News reports confirm the President has signed necessary documents to carry out the “death penalty”

on 04 high profile drug dealers form among those convicted and are serving sentences in the “death row”. President claimed few months ago he would wipe out the “drug menace” once and for all from the country and was peddling the idea of imposing the death penalty for convicted drug dealers. His “ideal” seemed the incumbent President Duterte of Philippines.

In this post WW II world, we are expected to honour human life with dignity and value with UN Charters adopted and ratified for decent and civilised life that respect and honour human rights and civil liberties. Sri Lanka is a signatory to and have ratified all such UN Charters and Conventions that denounce capital punishment. We are therefore duty bound and obliged to continue with the moratorium on the death penalty, we have had for the past 43 years.

It is also important to know and learn that carrying out the “death penalty” has not even reduced crimes in any country that have the death penalty in practise. India continued with capital punishment for 72 years since independence to date for murder, rape, repeat offences of drug trafficking, dacoity with murder, but is still living with those crimes no less. India has executed 22 from 1995 to 2015 with no reduction of serious crimes. The National Crime Records Bureau’s 2016 report “Crimes in India” says. across 19 cities in India “there were 2,194 murders committed while kidnappings and rape had increased by 30 percent”, despite the death penalty.

In the US 30 out of 53 Sates practice death penalty for treason, espionage, murder, piracy, large scale drug trafficking and attempted murder of a witness, juror, or court officer. Except treason and espionage, which are exceptional crimes, none of the crimes have had any deterrent effect in the US with capital punishment. An overview from the FBI’s Uniform Crime Reporting (UCR) Program, “….the estimated number of murders in the nation was 17,284. This was a 0.7 percent decrease from the 2016 estimate, a 20.7 percent increase from the 2013 figure, and a 5.0 percent rise from the number in 2008.”

If one believes the drug menace can be eradicated with the death penalty enforced, in the Philippines, President Duterte wouldn’t have failed with 5,104 “drug personalities” killed as of January this year (2019) and still counting the killings.

On 14 March, 2018 the Chicago Tribune ran a title “Why the innocents end up in Prison” on a stunning exposure about convictions in US Courts. The article said, “The rate of wrongful convictions in the United States is estimated to be somewhere between 2 percent and 10 percent. That may sound low, but when applied to an estimated prison population of 2.3 million, the numbers become staggering.
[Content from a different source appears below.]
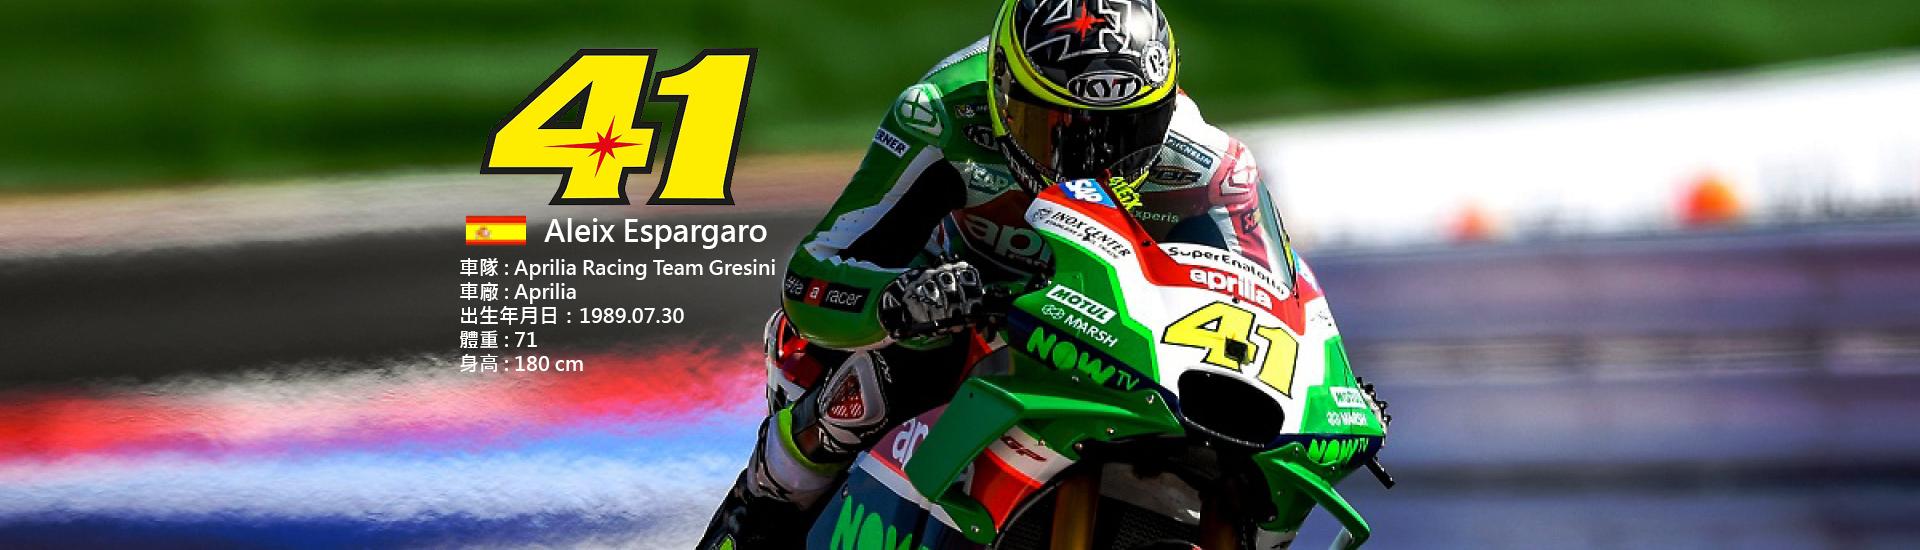 2018 MotoGP 【41】Aleix Espargaro

Can there really be 46,000 to 230,000 innocent people locked away?” Quoting a Director of the “Innocence Project” that work for exonerations of wrongfully sentenced prisoners, the Chicago Tribune says, during the past 25 years, “All told, there have been more than 2,000 exonerations, including 200 from death row, in the U.S.”

Listing reasons for such mix ups, the article highlights “wrong or bad policing, prosecutorial misconduct, false confessions, faulty eyewitness identifications, bad lawyering, sleeping judges and junk sciences” among reasons for innocents ending up in prison.

Do we believe our systems are far more superior, efficient and independent that in our prisons there are no innocents locked up?

Even if there are no innocents locked up in our prisons, it is inhuman and barbaric to eliminate human life in anyway, for any offence. Beheading a person was the “punishment” in ancient societies ruled by feudal kings. It was the king who decided on the victim’s guilt and the punishment, in those ancient societies, Centuries ago. That is reason for 106 countries in this modern world to completely abolish the death penalty and 28 countries to have a moratorium on it. They depend on better policing, efficient and independent judicial systems and overall socio economic development for improving quality of life in eradicating crimes in society.

We the People therefore should demand a complete STOP to the death penalty and ask for serious reforms in improving law enforcement, in establishing an efficient judicial system that would not leave suspects without bail for many years and a serious development programme that would improve the quality of life of all People, with dignity and equality.